Secrets Left to Post: 02 pages, 048 secrets from Secret Submission Post #380.
Secrets Not Posted: [ 0 - broken links ], [ 0 - not!secrets ], [ 0 - not!fandom ], [ 0 - too big ], [ 0 - repeat ].
Current Secret Submissions Post: here.
Suggestions, comments, and concerns should go here.

Re: advice for socially awkward people still in the closet

(Anonymous) 2014-04-16 03:58 am (UTC)(link)
oh anon, I'm so sorry to hear that :(

Your story gave me a flashback to the one Student Gay & Lesbian Alliance meeting I went to as a freshman in college. Everyone was incredibly extroverted and everyone seemed to know each other. It was so awkward and I felt so mousy and boring that I decided to stay in the closet forever because I was obviously too dull to be really bi. Totally optional hugs are here for you if you want them.
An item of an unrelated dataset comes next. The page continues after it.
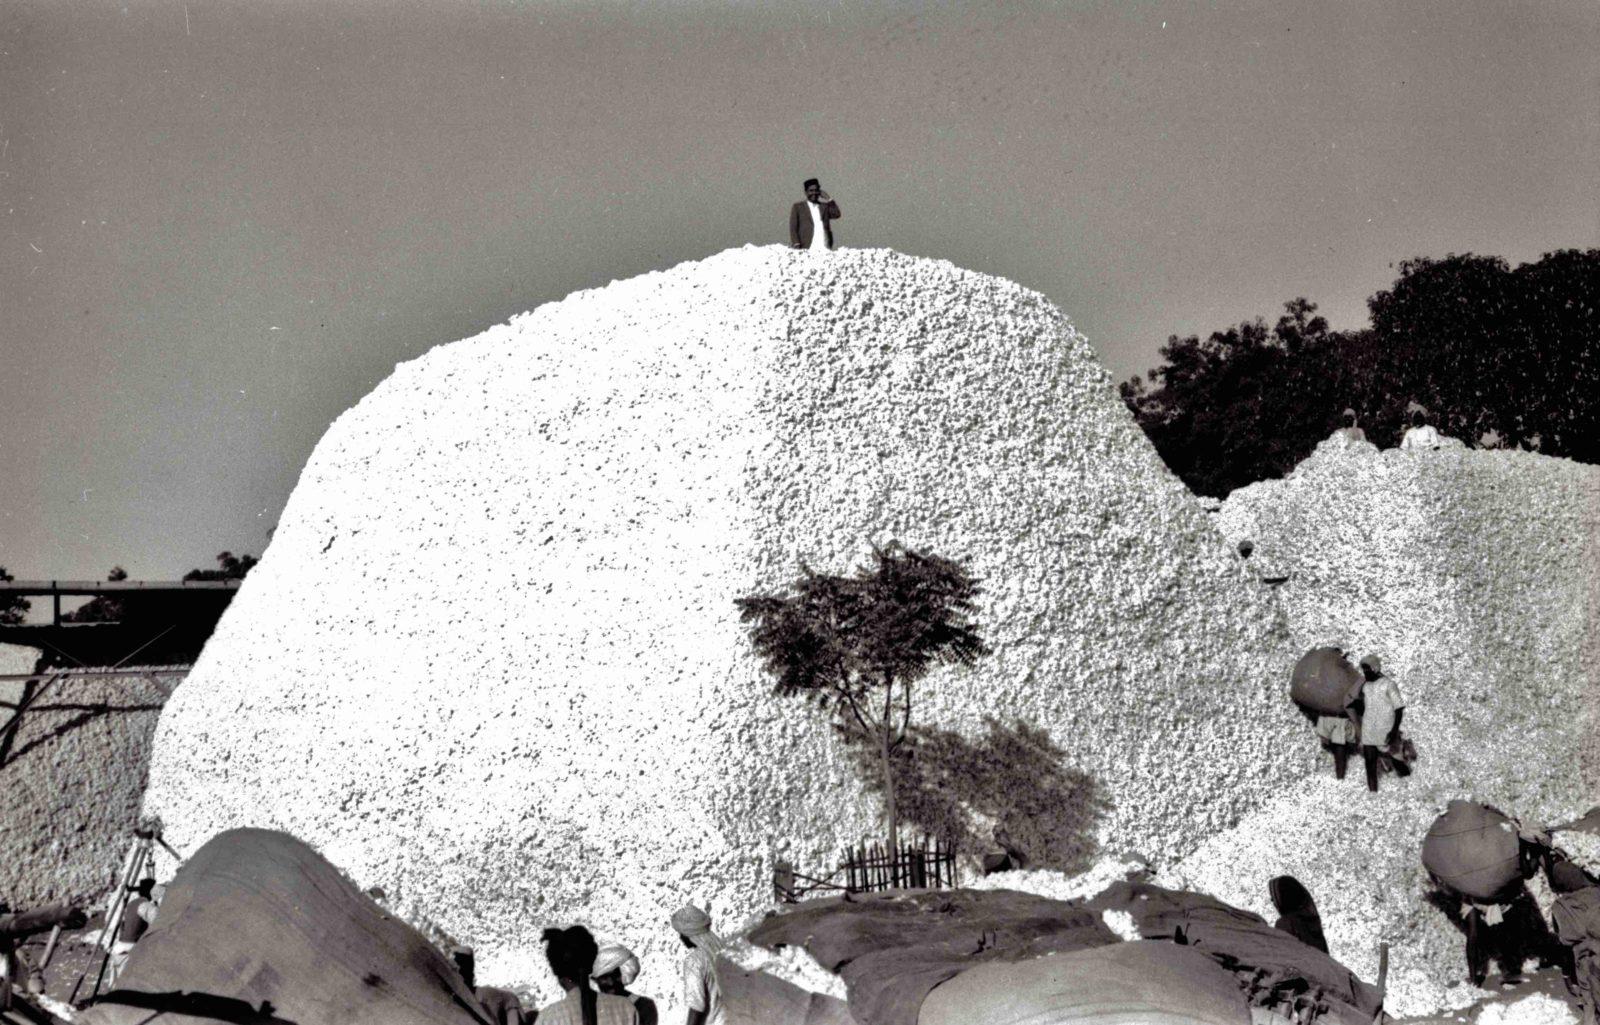 Montagne de coton à Khamgaon, inde
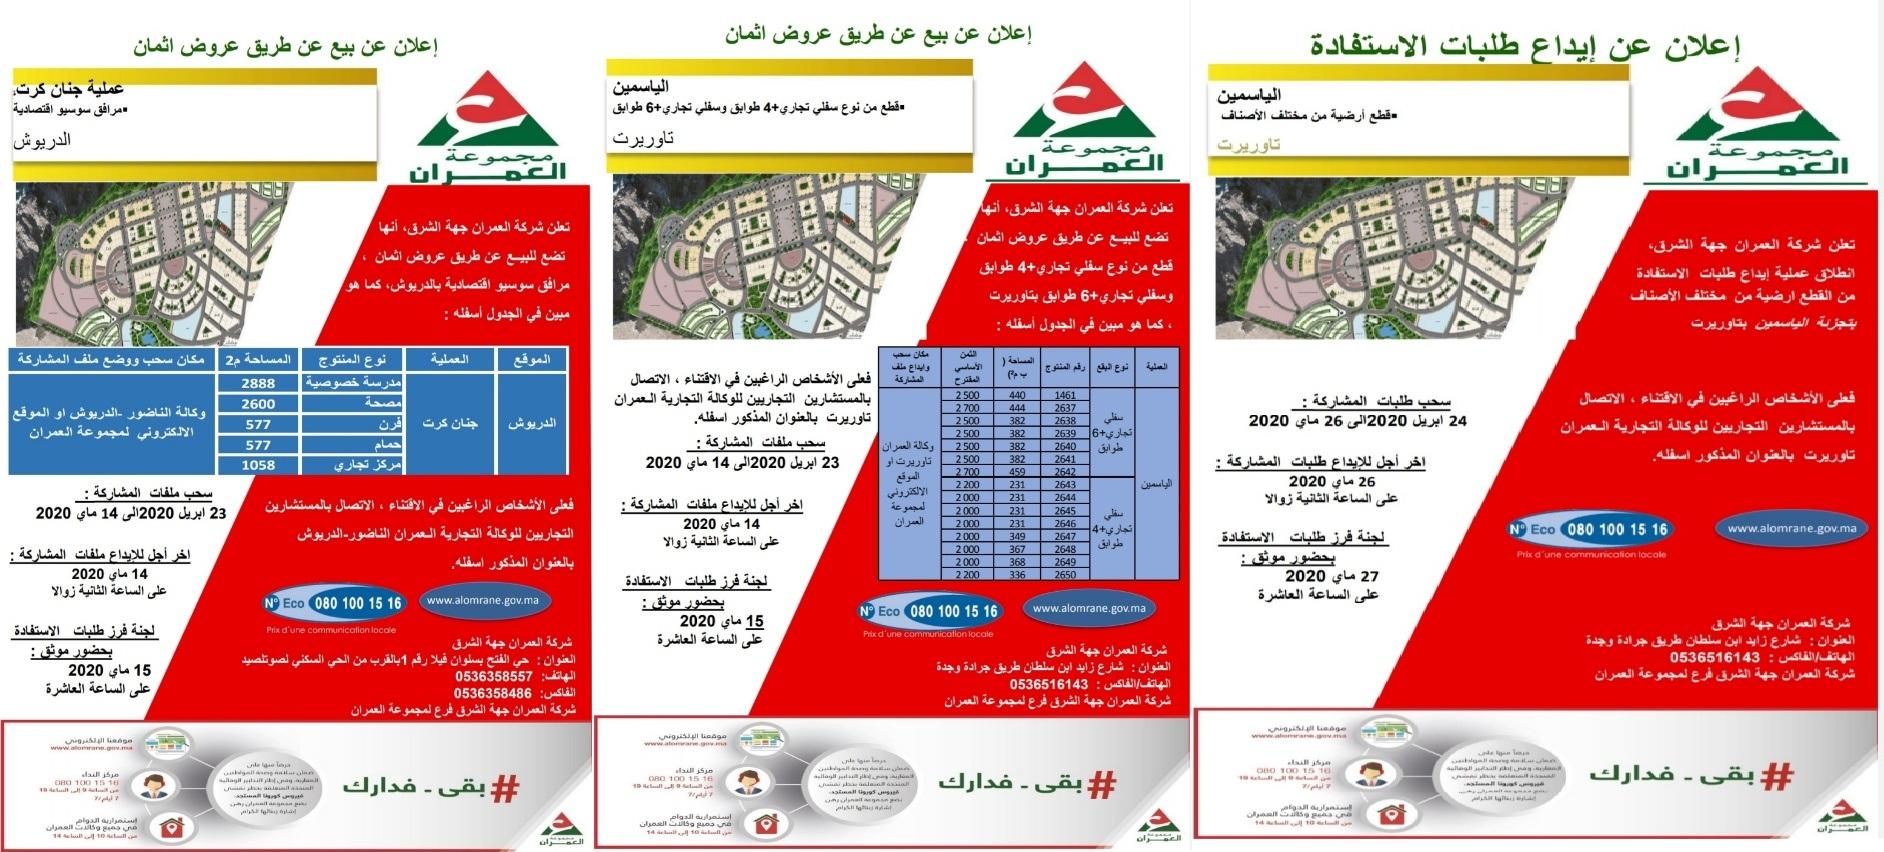 مادة إشهارية: شركة العمران جهة الشرق: تعلن عن بيع عن طريق عروض أثمان وعن إيداع طلبات الاستفادة

I don't really know what advice to give you. Sometimes awkward situations get better if you go back, and sometimes they don't. If you connected with one person there, it might be worth going back to see if you connect with him again. You might also find that you have an easier time being yourself in spaces that are queer-friendly, but not lgbt-specific.

What are some of the things you like to do?

Re: advice for socially awkward people still in the closet

(Anonymous) 2014-04-16 05:59 am (UTC)(link)
sorry for the late reply!

i'm a bookworm. I love watching movies and plays, and listening to music. also writing. anything creative really.

i'm also familiar with a lot of nerdy stuff (anime, video games, comics).

so basically i'm just a massive dork haha. :)

the issue with that is that there seems to be a big emphasis on... like, clubbing and drinking and stuff? and i don't really know where else to meet people.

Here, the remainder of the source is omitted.